_Work request_:
An exact copy of the data is needed, one that excludes all pictures.

_Information supplied_:
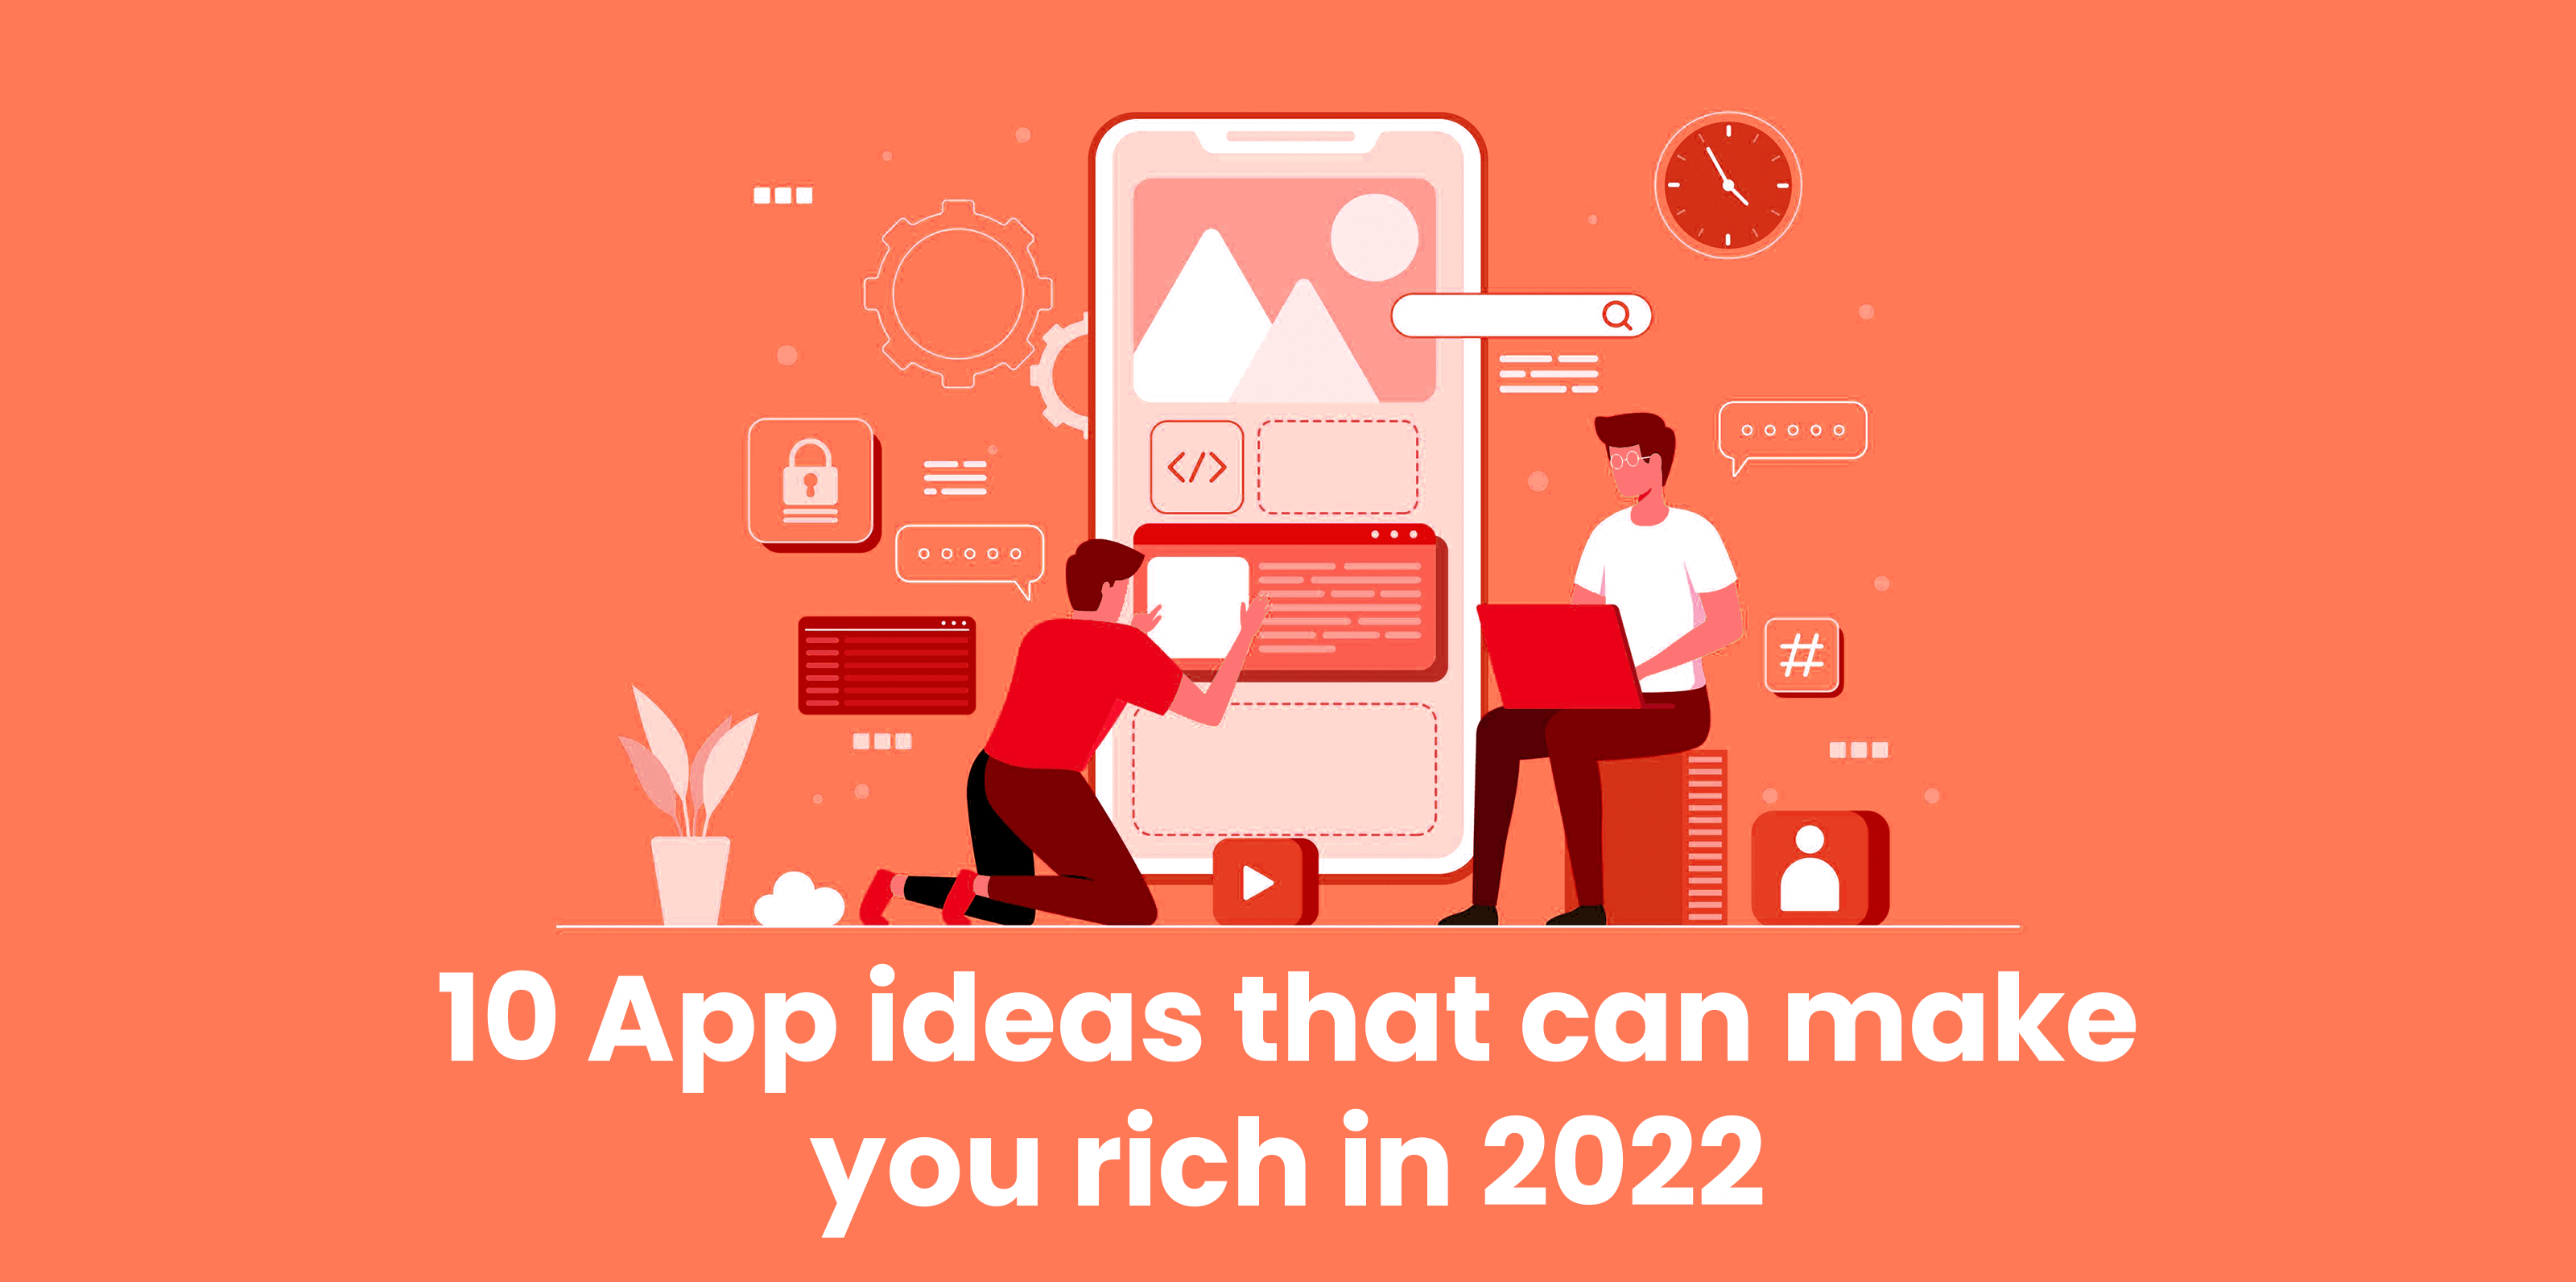 10-App-ideas-that-can-make-you-rich-in-2022
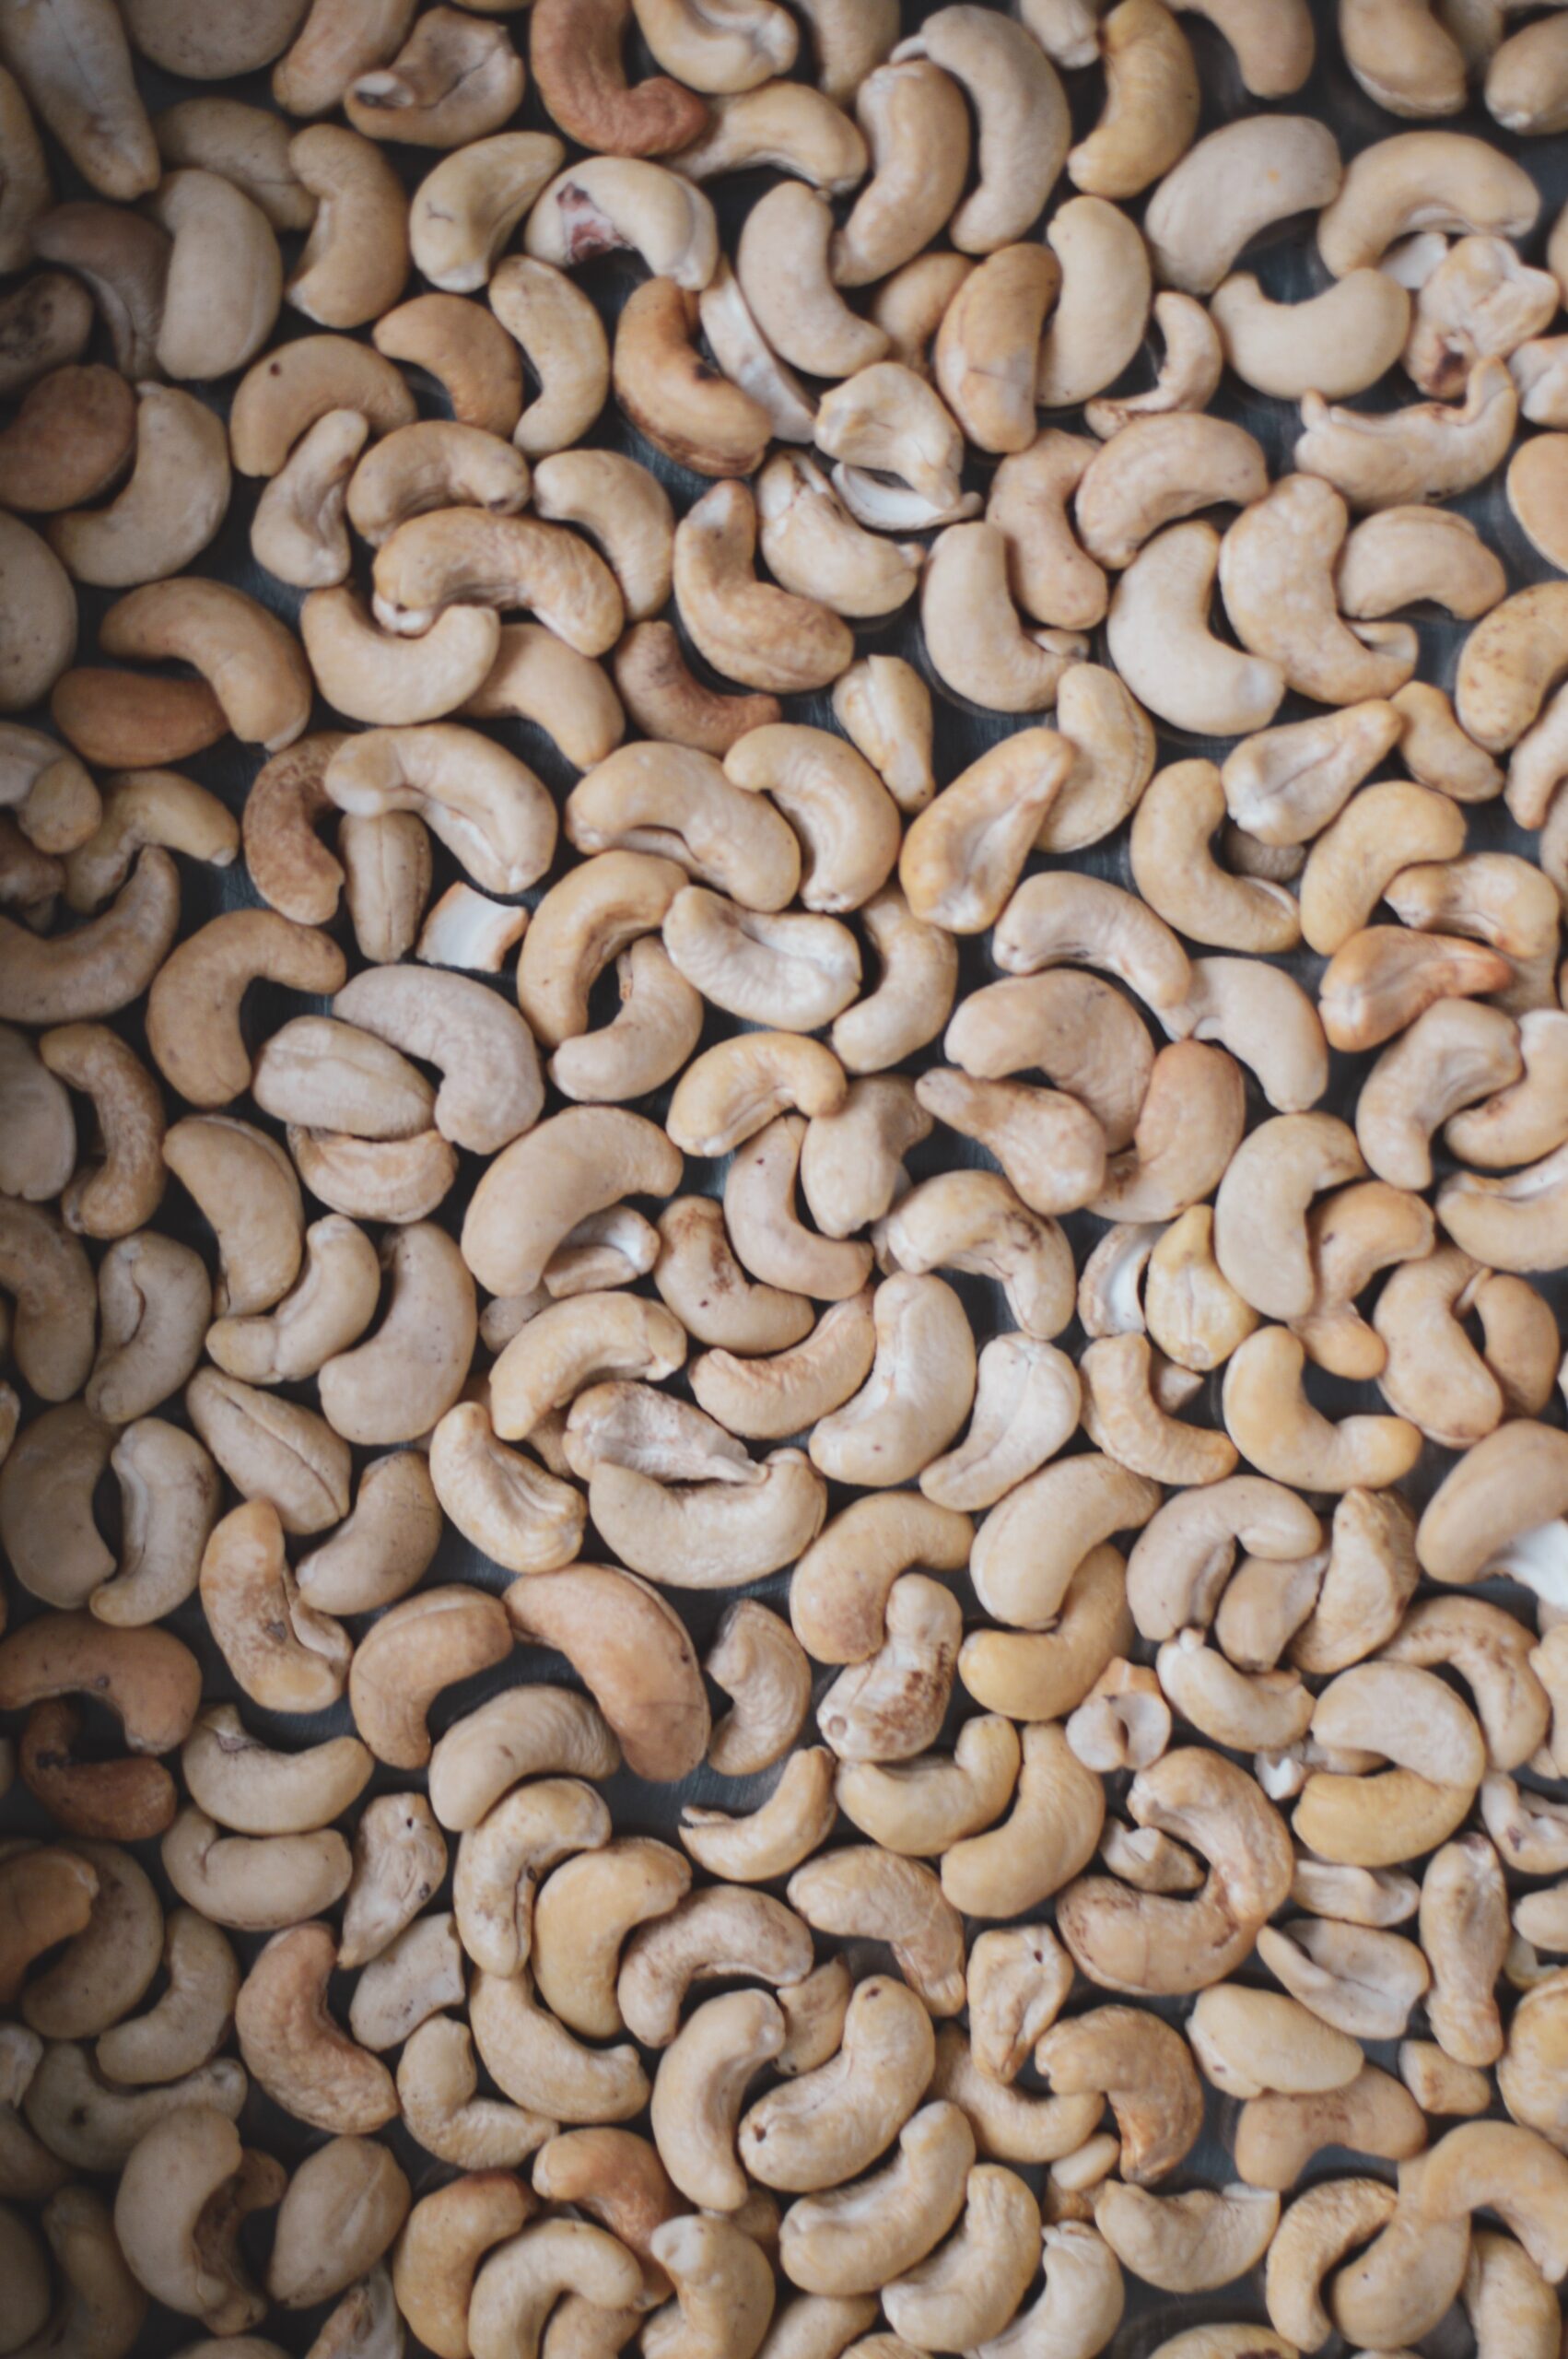 Are Cashews Good For Dogs?
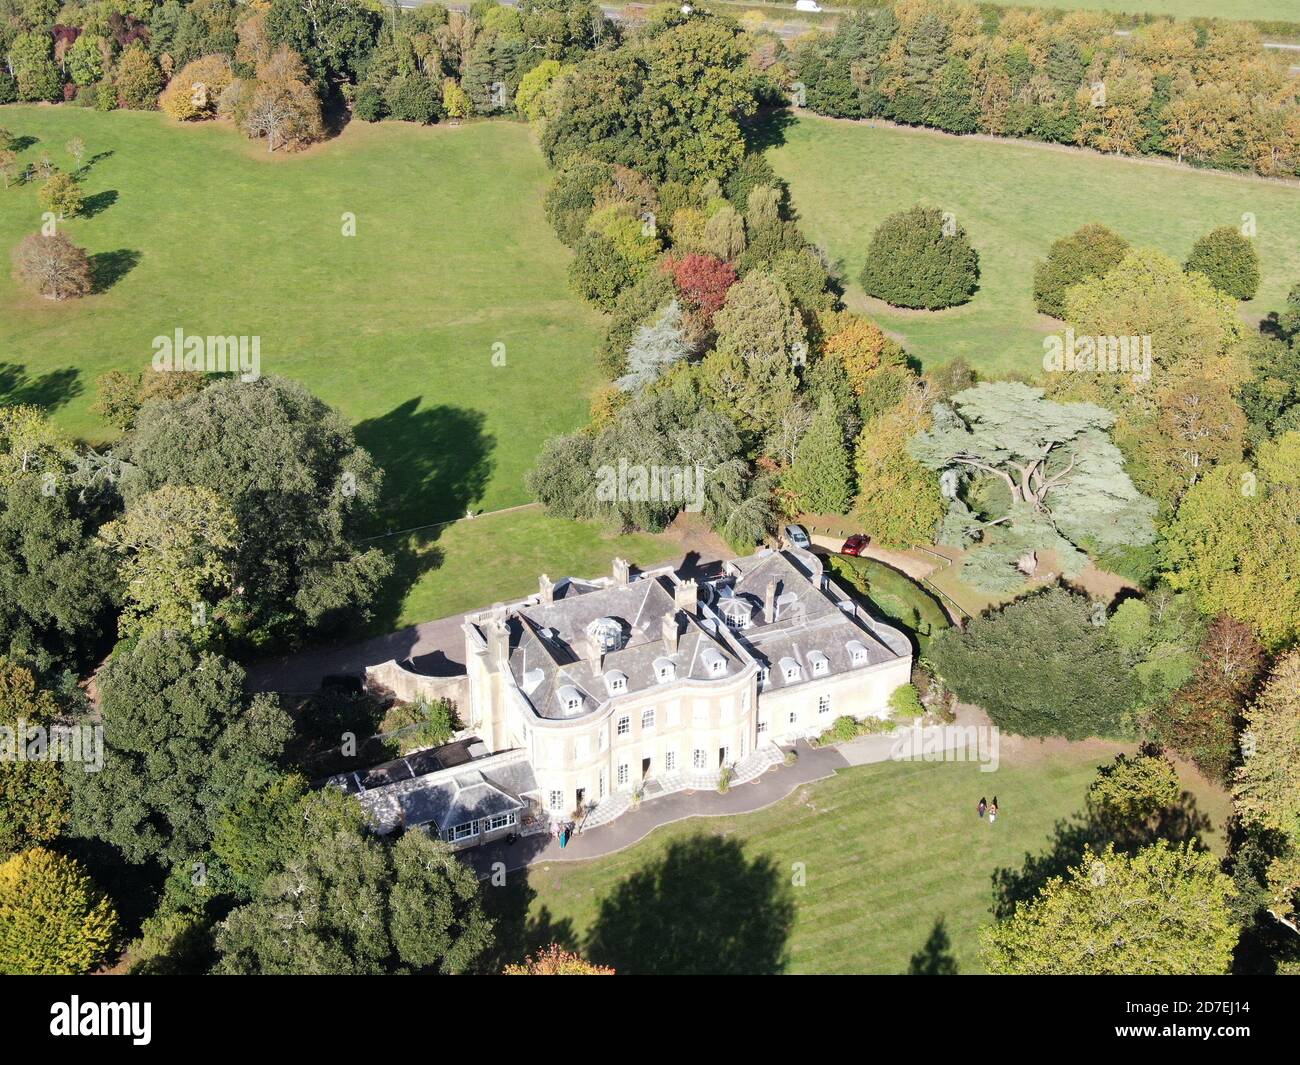 aerial view of Upton House in Upton Country park, a public recreation area in Poole , Dorset, England Stock Photo
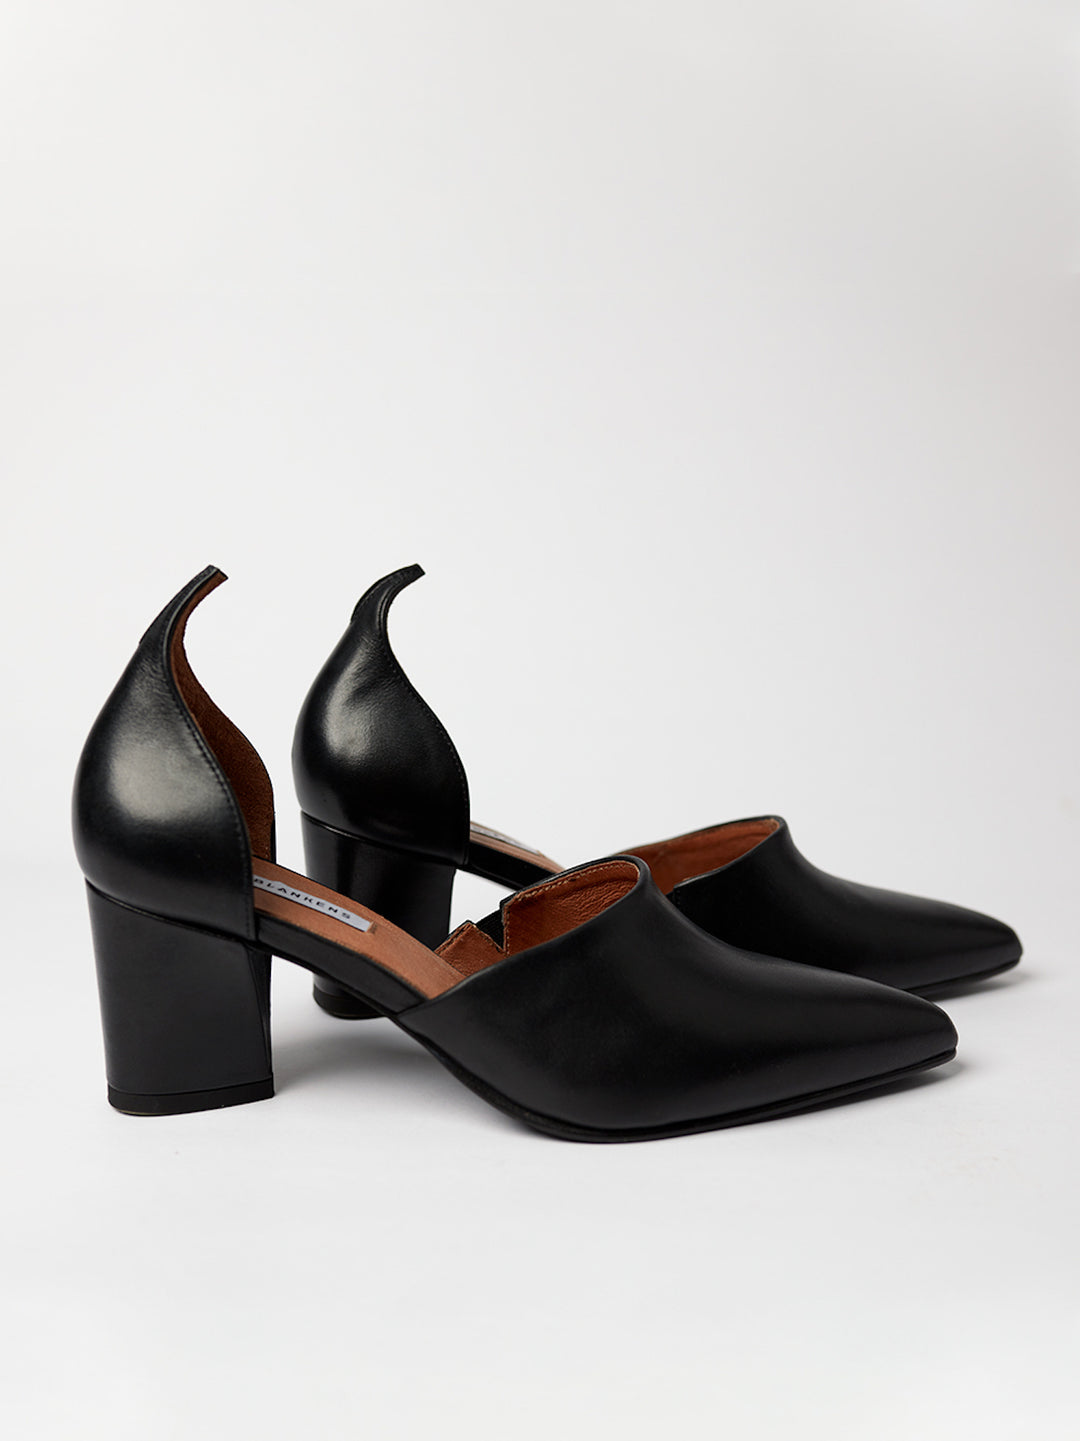 Blankens comfy heel The Riverside in black leather. Made in Portugal. Yourblankens.

_Answer to the exercise_:
 10-App-ideas-that-can-make-you-rich-in-2022
 Are Cashews Good For Dogs?
 aerial view of Upton House in Upton Country park, a public recreation area in Poole , Dorset, England Stock Photo
 Blankens comfy heel The Riverside in black leather. Made in Portugal. Yourblankens.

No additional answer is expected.